Abgaryan brings this isolated mountain village to life with her vivid, often hilariously funny, details and playful images. With painstaking detail, she describes the “tangy scent of tiny, delicately blushing apples with dark raspberry-colored seeds and little pink blotches on the cut edge,” or a pig “that particularly astounded the Maranians because it was as clean and neat as a round turnip that had been thoroughly washed under running water.”

We walk through the village roads and climb the perilous mountain path, rejoicing in the winter snow, the pale blue alpine violets, and the pink and white almond and cherry blossoms. Abgaryan allows us to participate in the ways of the villagers, as they gather over strong tea with thyme, tend their kitchen gardens, and help one another cook, babysit and care for the ill.

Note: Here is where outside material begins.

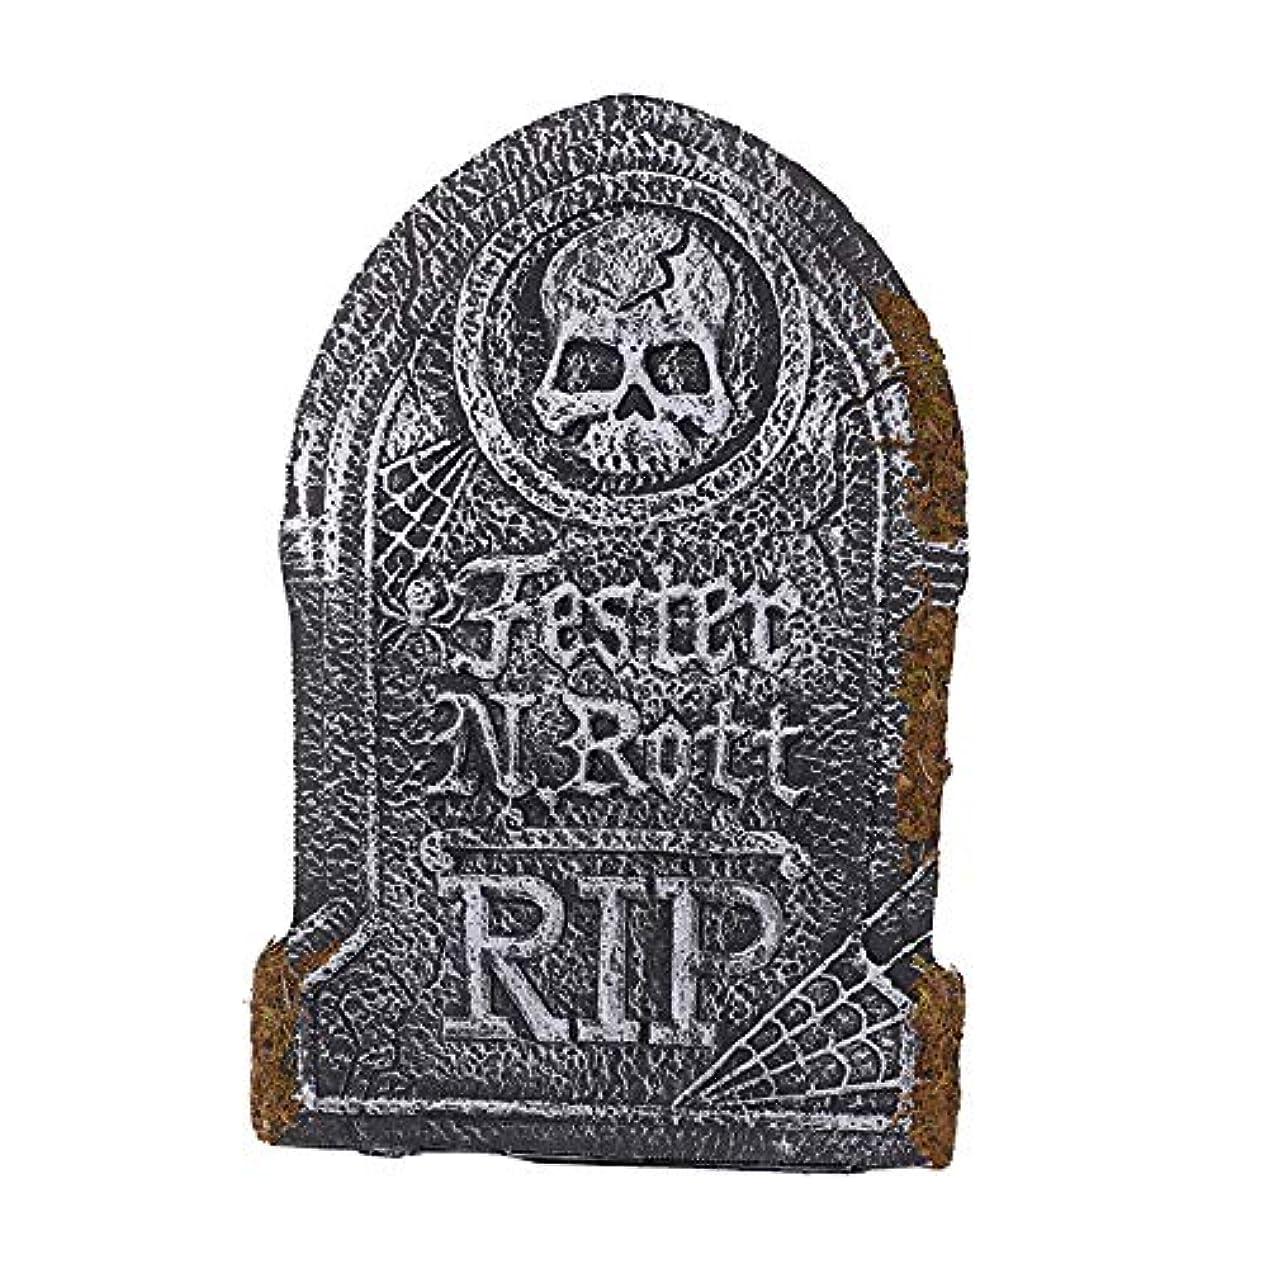 ケーキ静けさビームETRRUU HOME 三次元墓石ハロウィーン怖いトリッキーな装飾バーKTホラー雰囲気の装飾写真の小道具
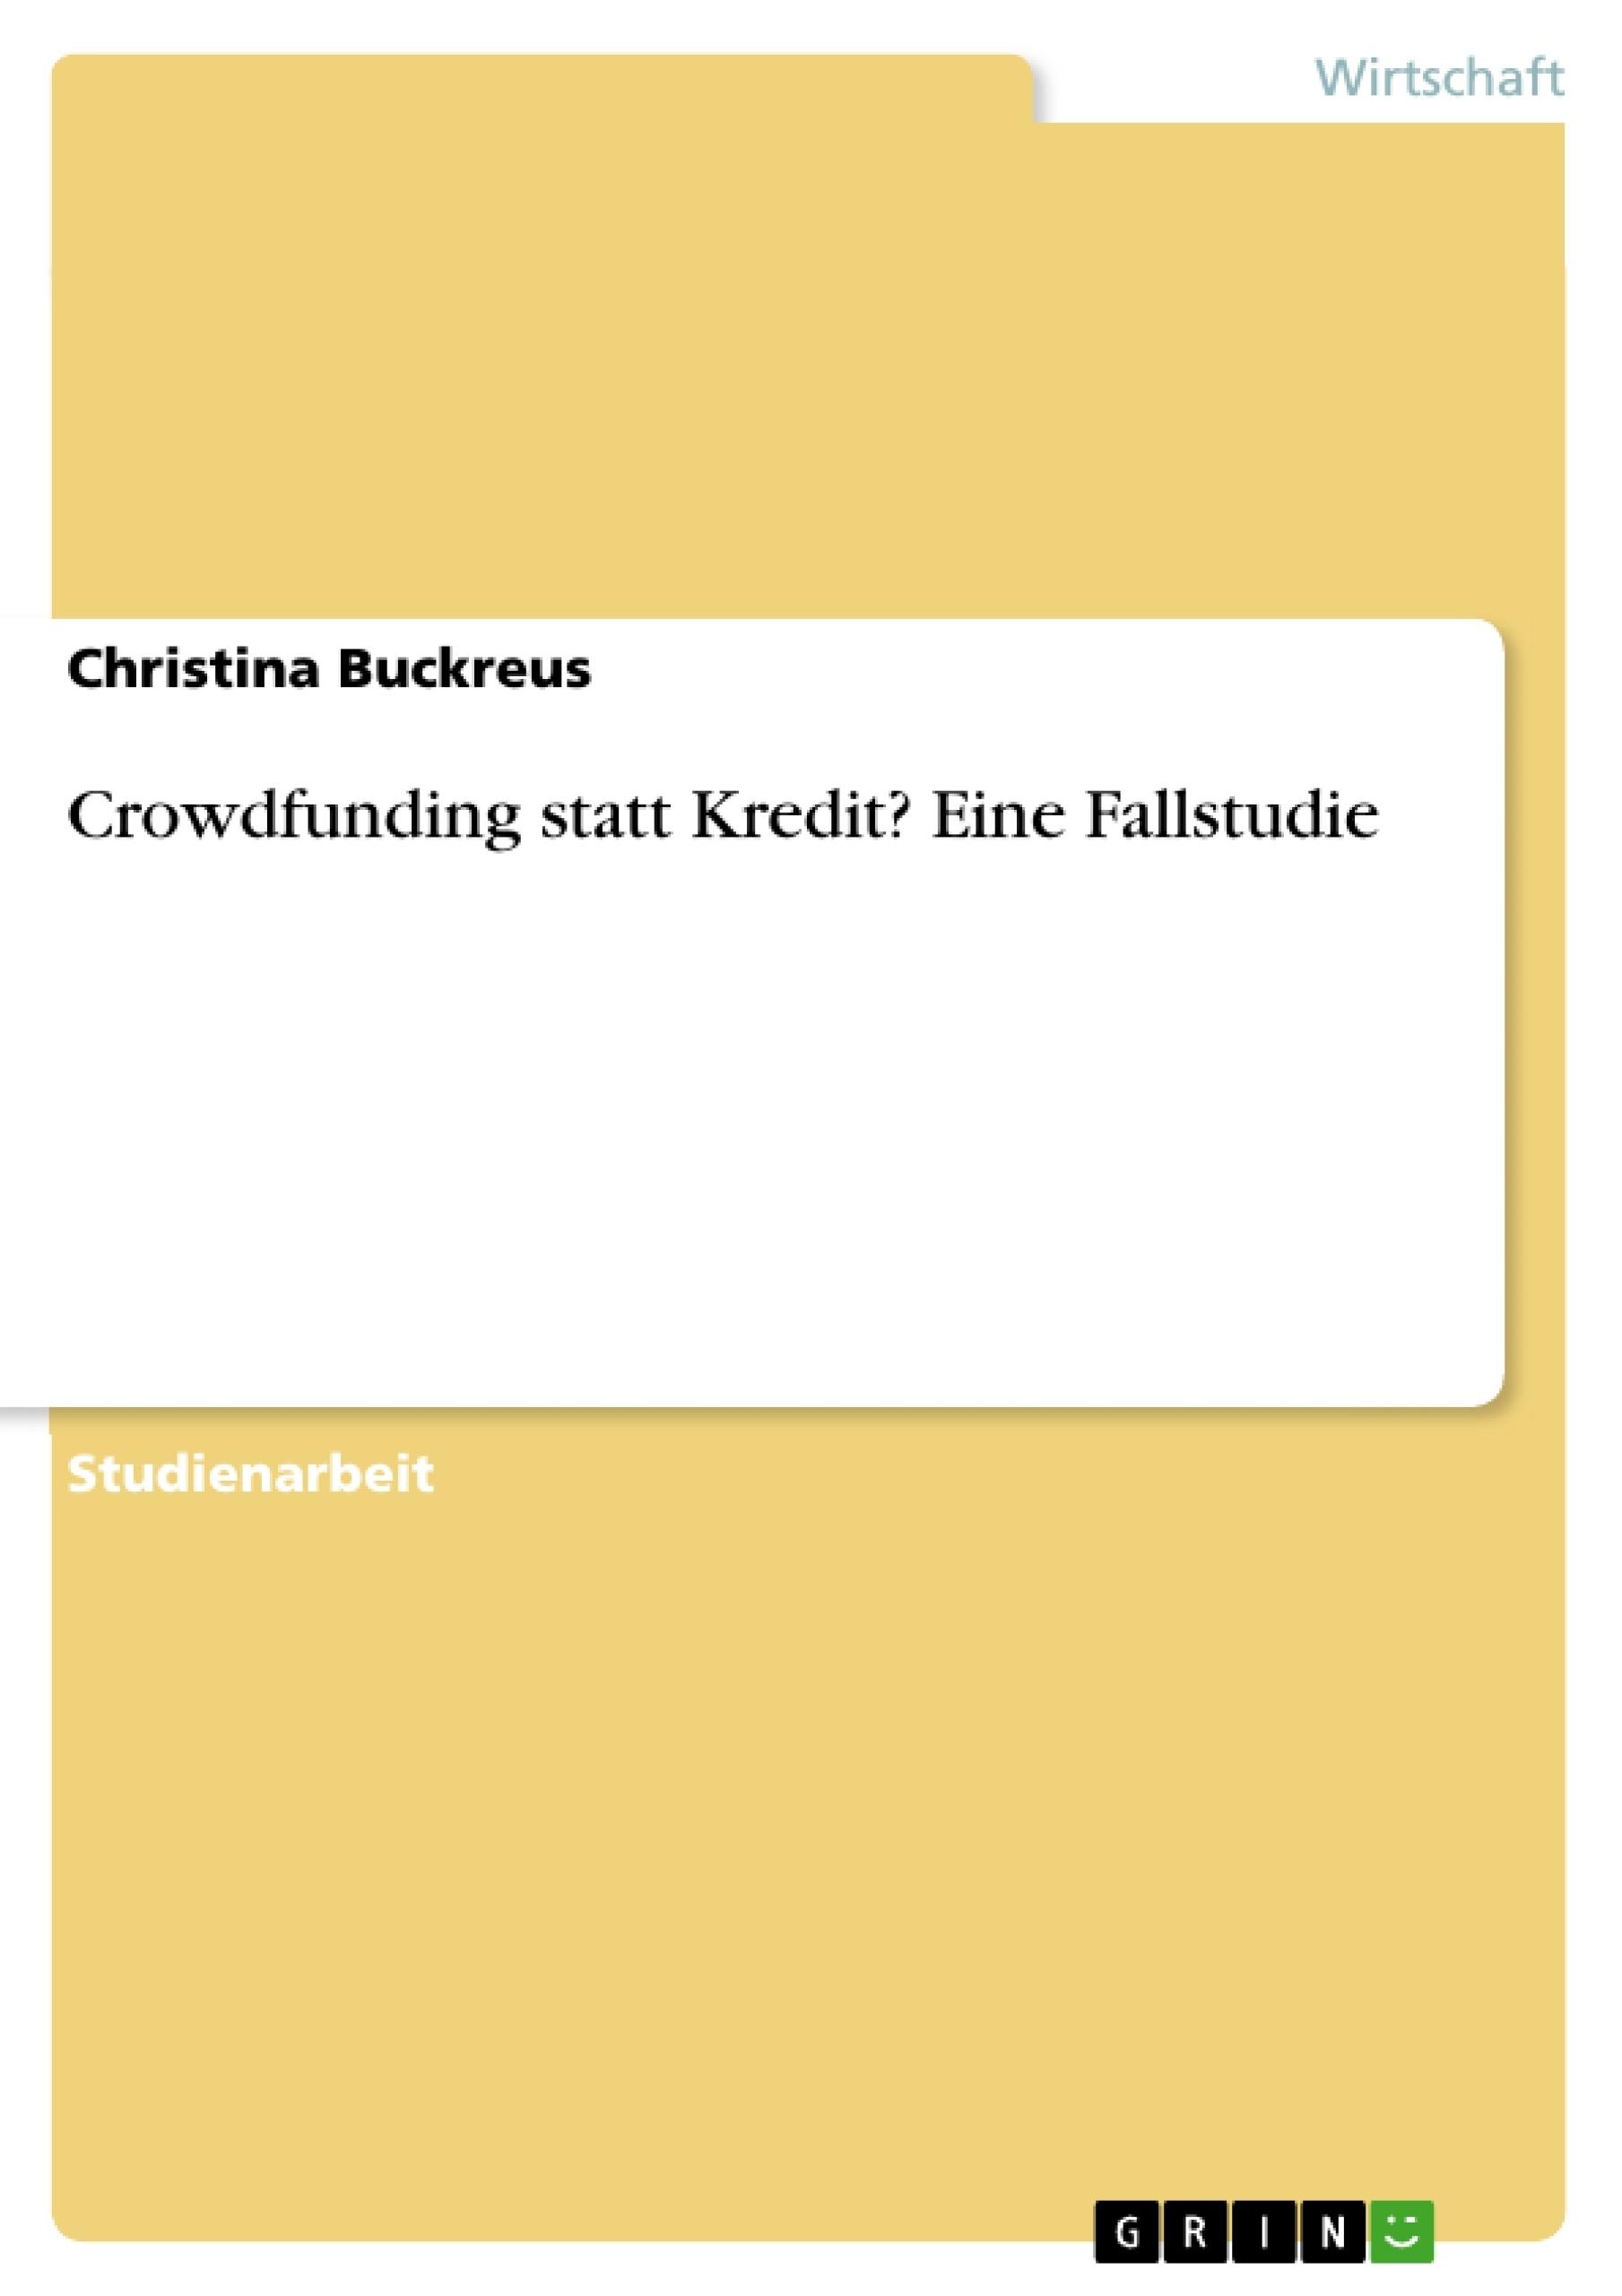 Titel: Crowdfunding statt Kredit? Eine Fallstudie

The book opens with the 58-year-old Anatolia, the youngest inhabitant in Maran, waiting to die. “If only I could hurry up and die,” she moans as she lies in bed soaking in blood from a sudden onslaught of her menstrual cycle. The final image of the novel is not of the finality of death, however. Anatolia gives birth to Voske (miracles are taken for granted in Maran), a baby girl born of her second marriage to the caring Vasily, with “the village of old people” happily sharing in the responsibility of raising a new child. Voske may know nothing of “the big wide world,” but she had her own tiny world over which “stretched an endless summer’s night that told stories about the power of the human spirit, about devotion and nobility,” writes Abgaryan.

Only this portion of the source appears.